**Instructions to follow**:
Using the data below, output a verbatim copy of the lines between the one holding "Galorebay Model No.-G120-374" and the one holding "Başvuru Madde 7", inclusive, without any pictures.

**Data provided**:
────────────────────

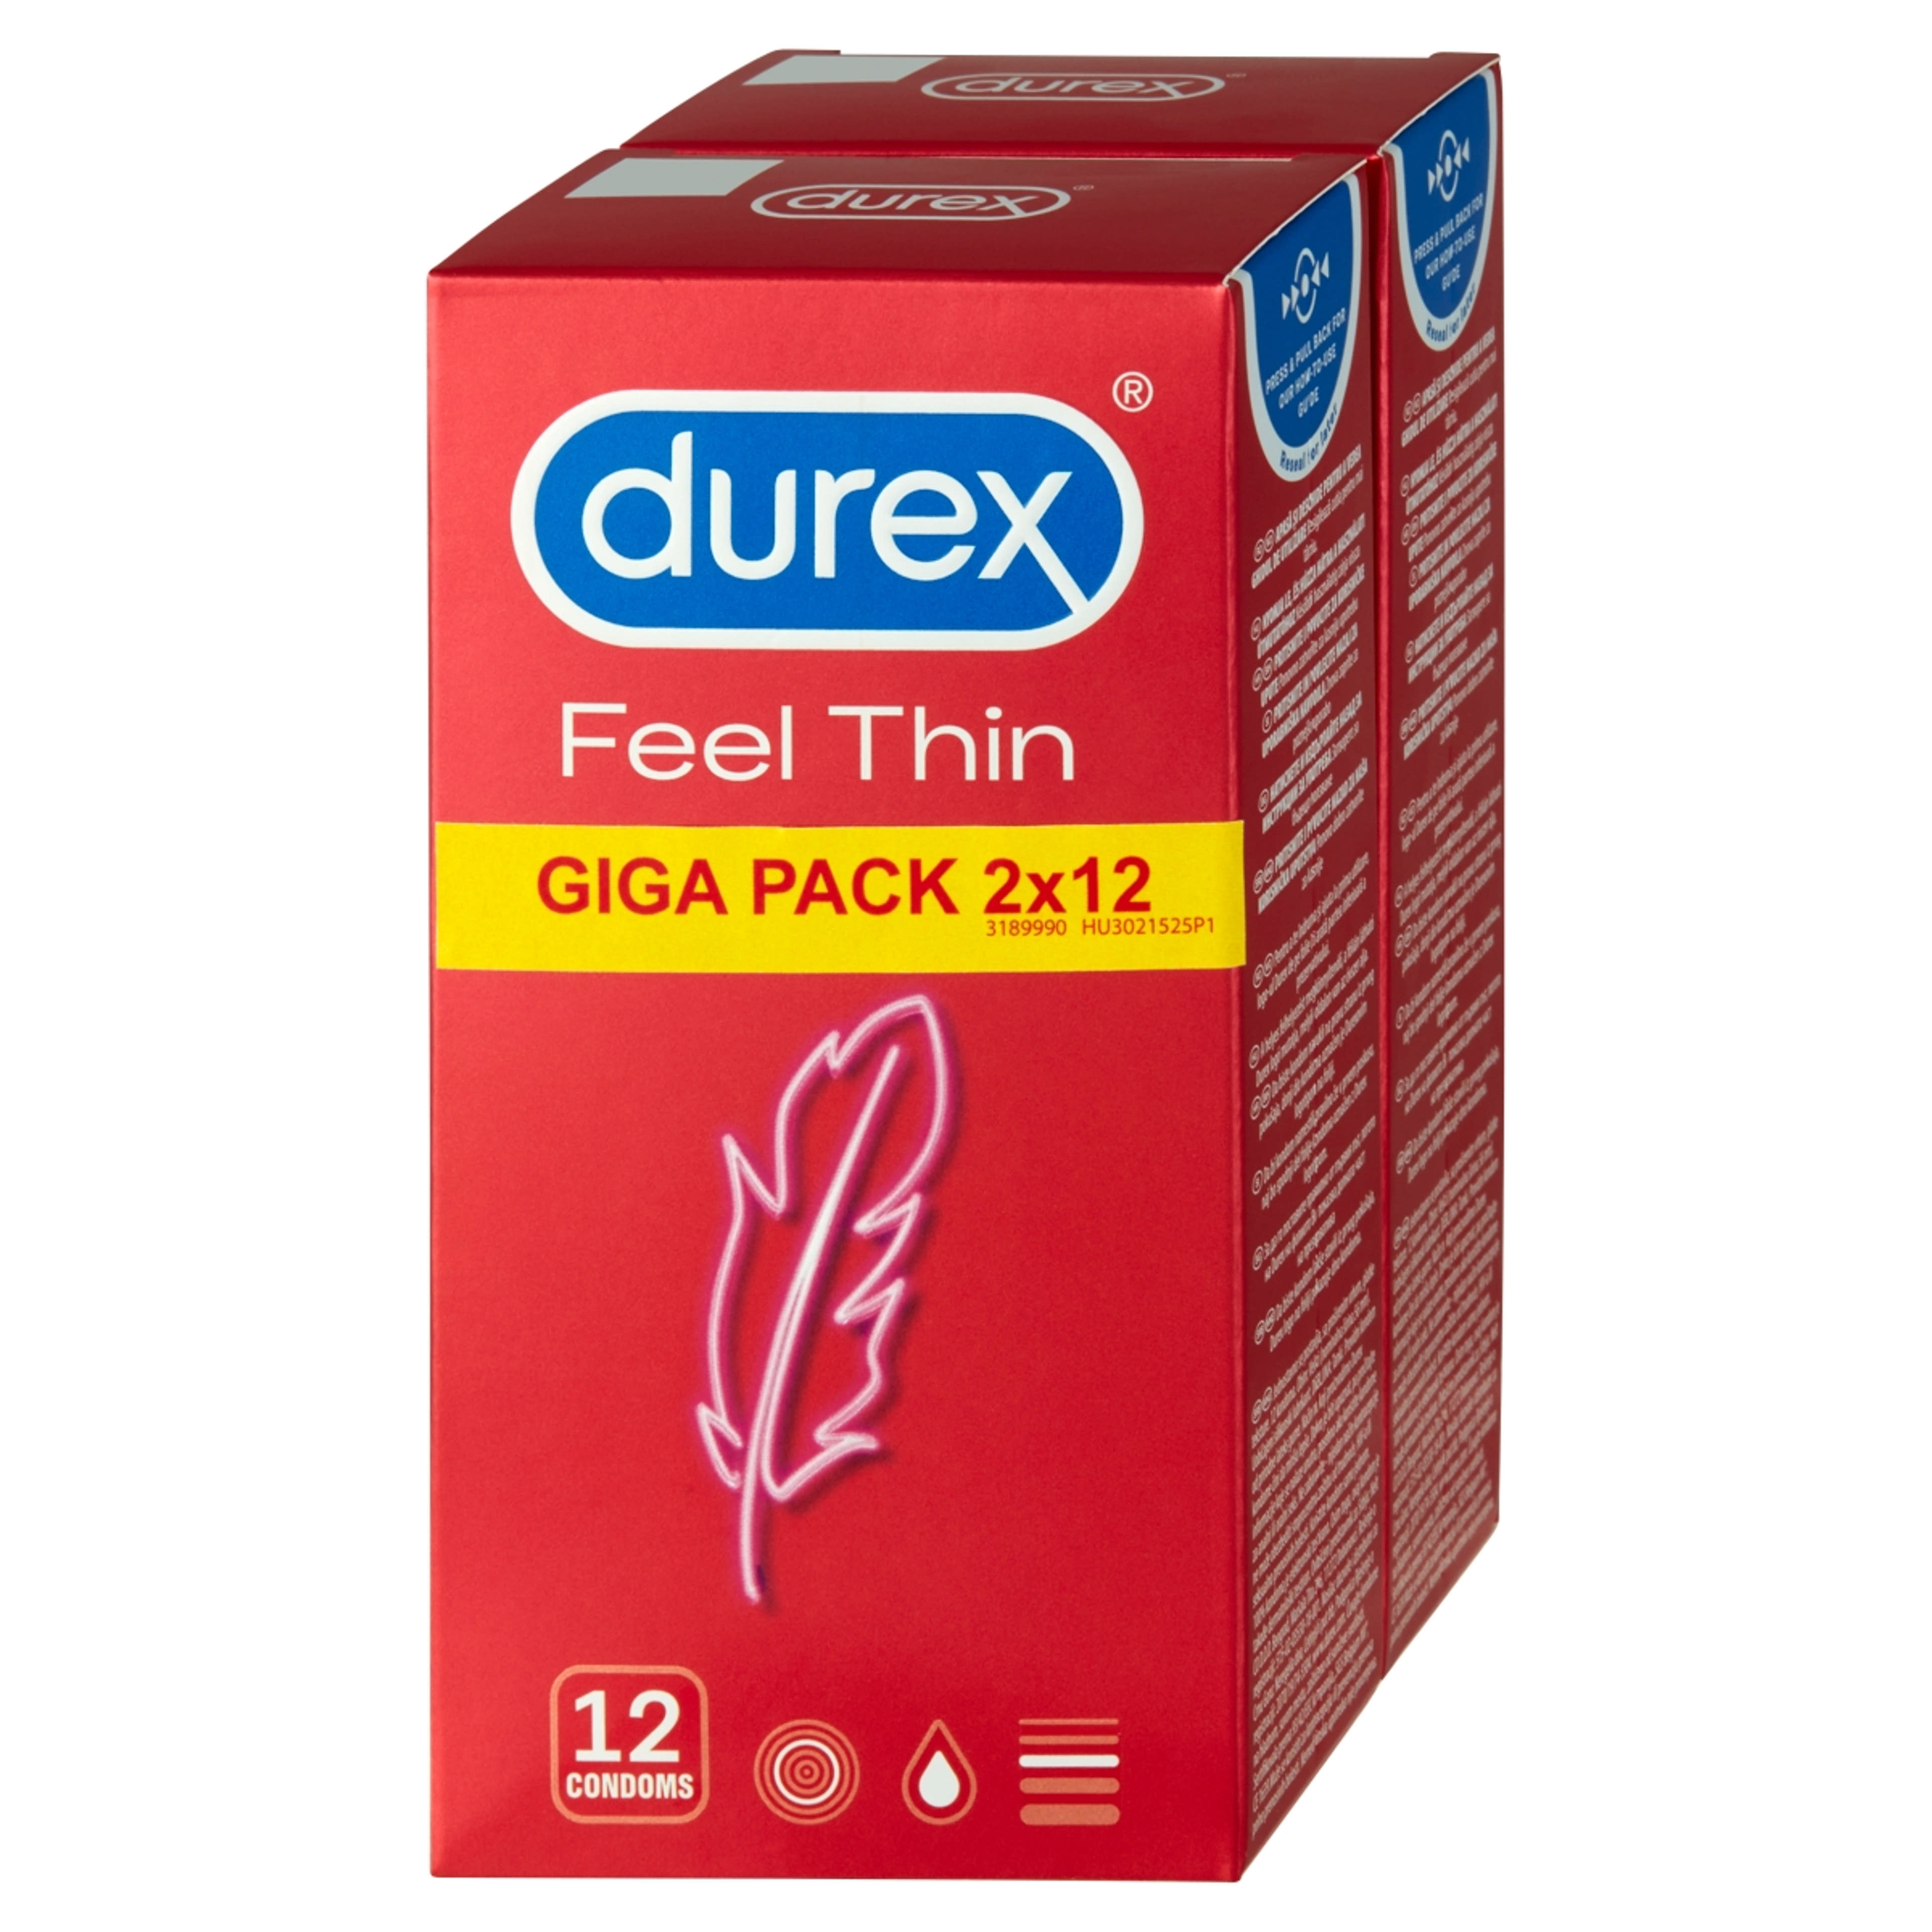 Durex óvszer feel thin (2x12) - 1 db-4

────────────────────

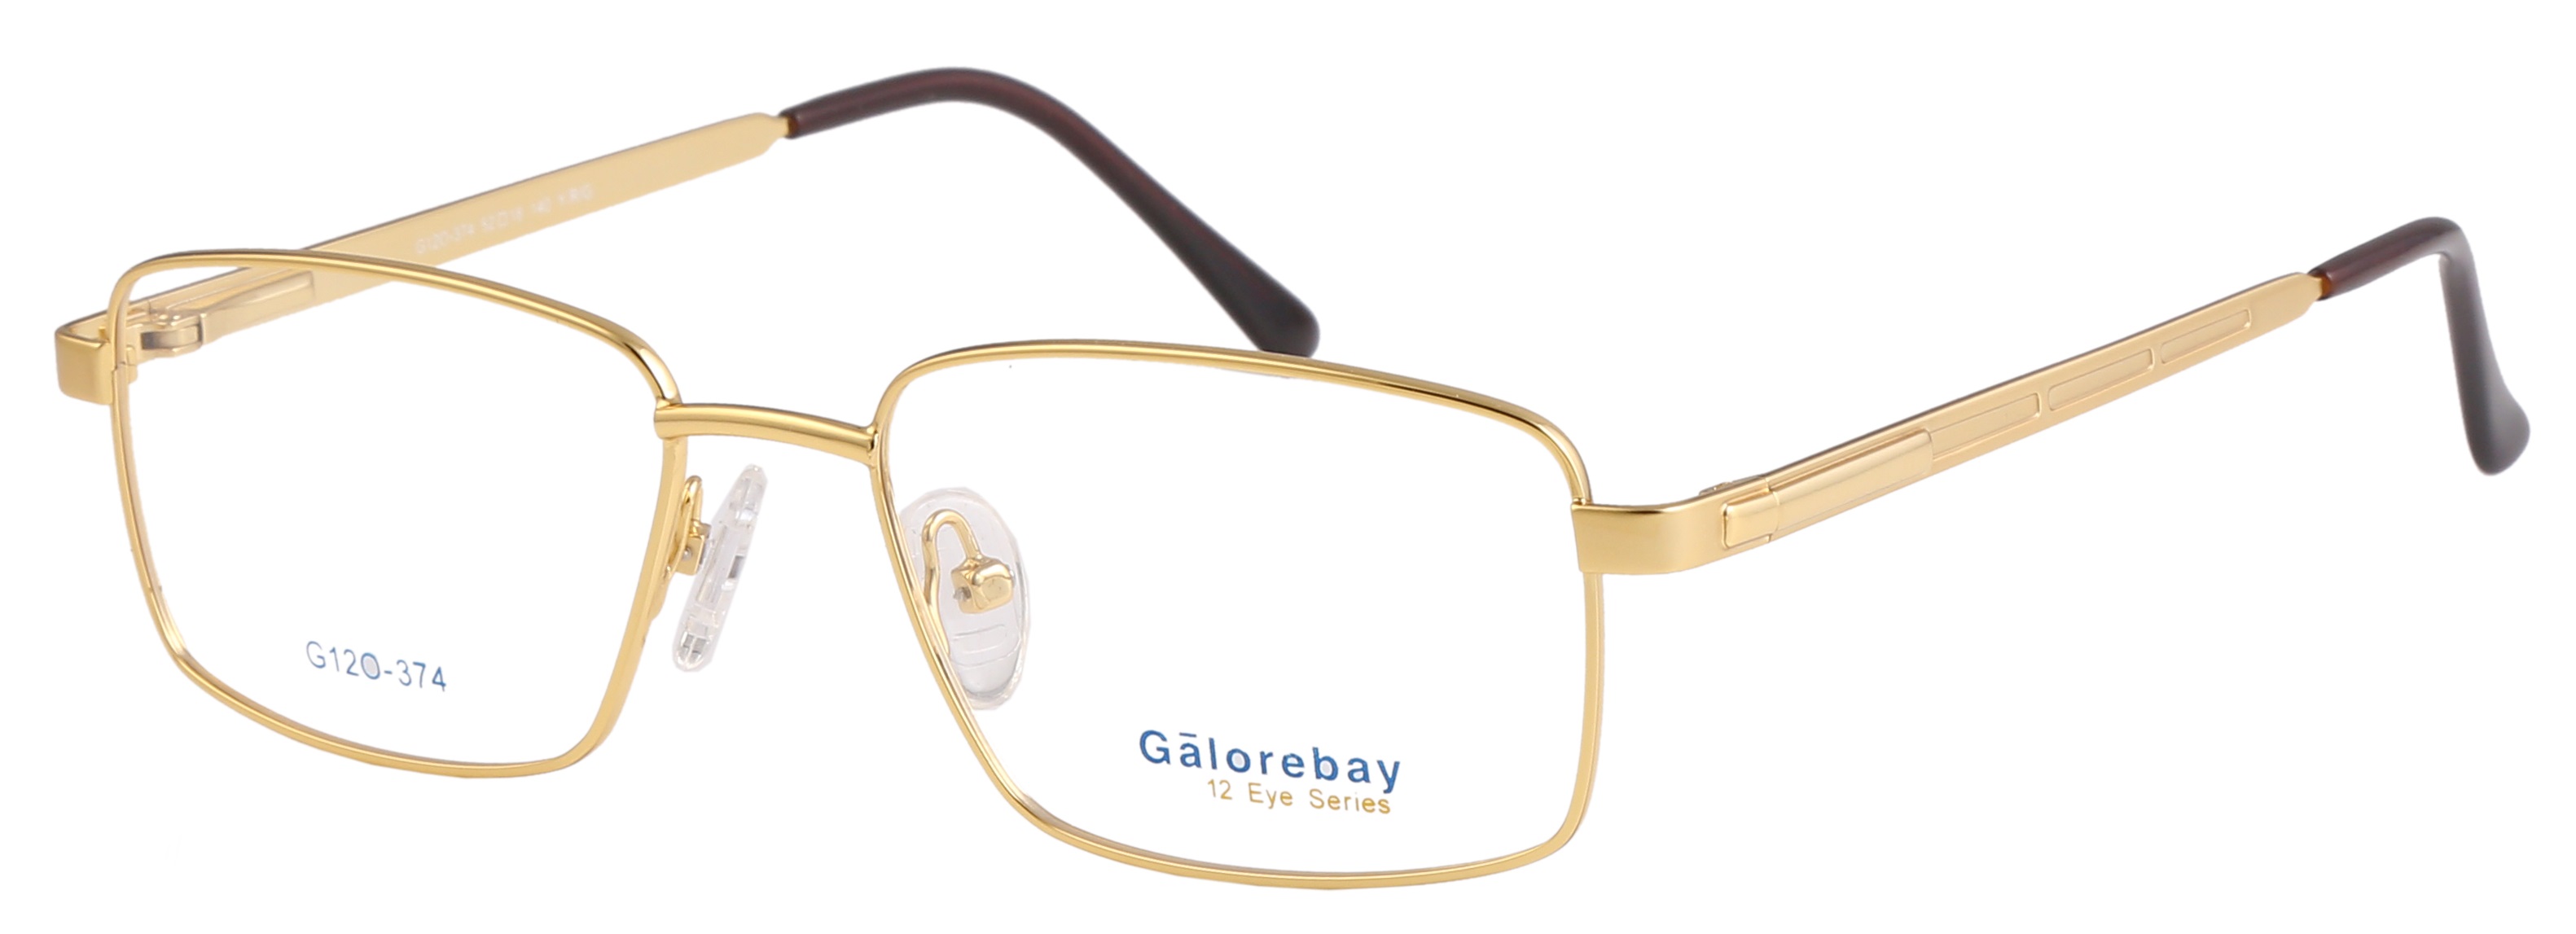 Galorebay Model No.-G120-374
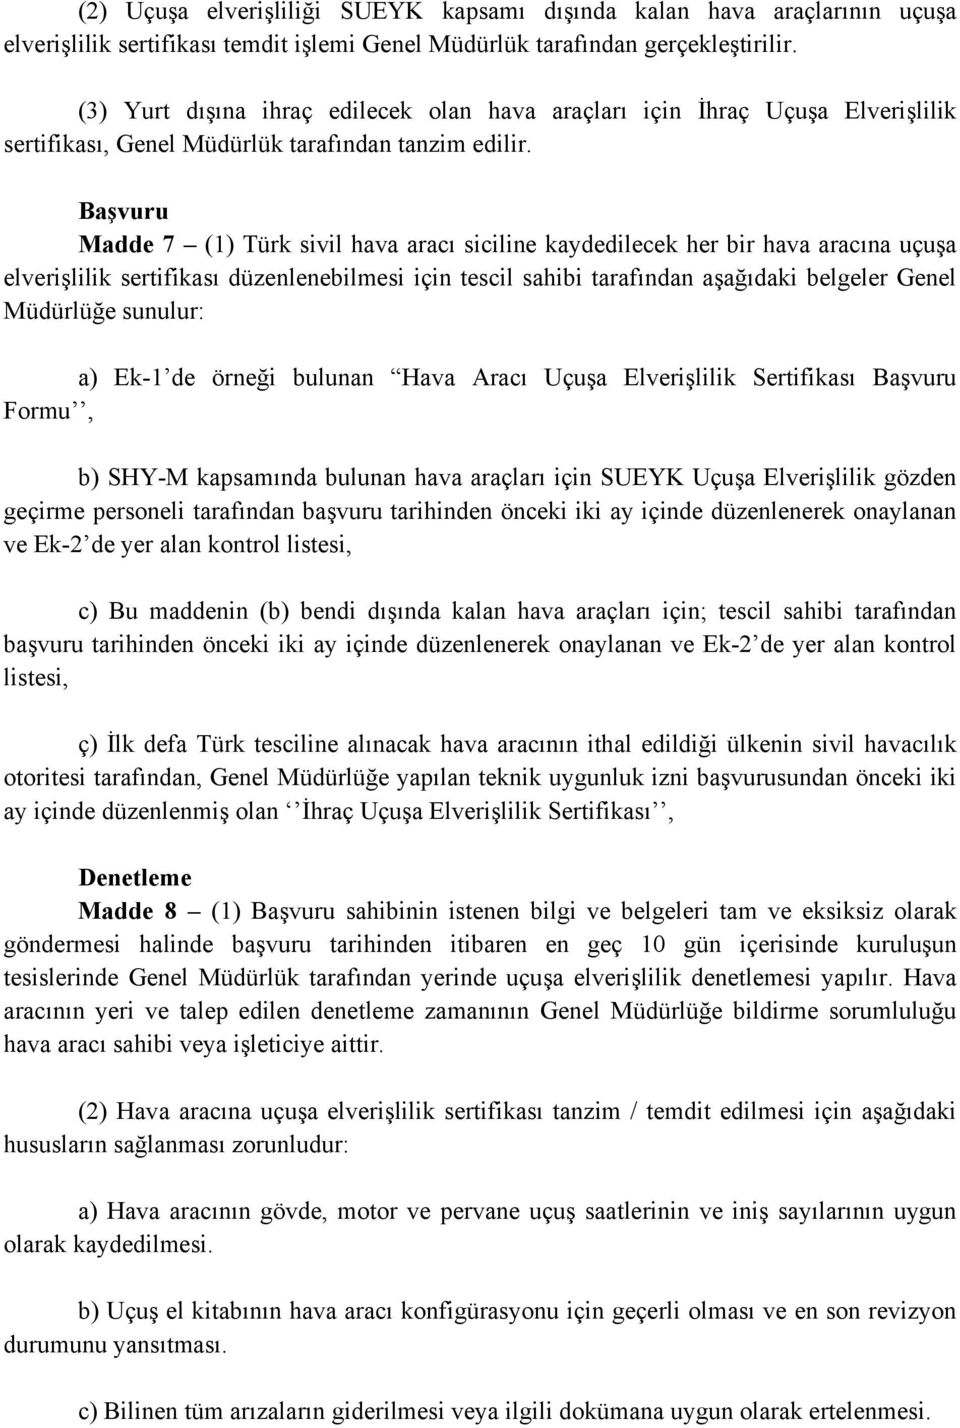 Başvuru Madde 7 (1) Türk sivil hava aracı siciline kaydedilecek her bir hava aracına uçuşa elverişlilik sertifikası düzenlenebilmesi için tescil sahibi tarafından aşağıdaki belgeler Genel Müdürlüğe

────────────────────

**Response**:
 Galorebay Model No.-G120-374
 Başvuru Madde 7 (1) Türk sivil hava aracı siciline kaydedilecek her bir hava aracına uçuşa elverişlilik sertifikası düzenlenebilmesi için tescil sahibi tarafından aşağıdaki belgeler Genel Müdürlüğe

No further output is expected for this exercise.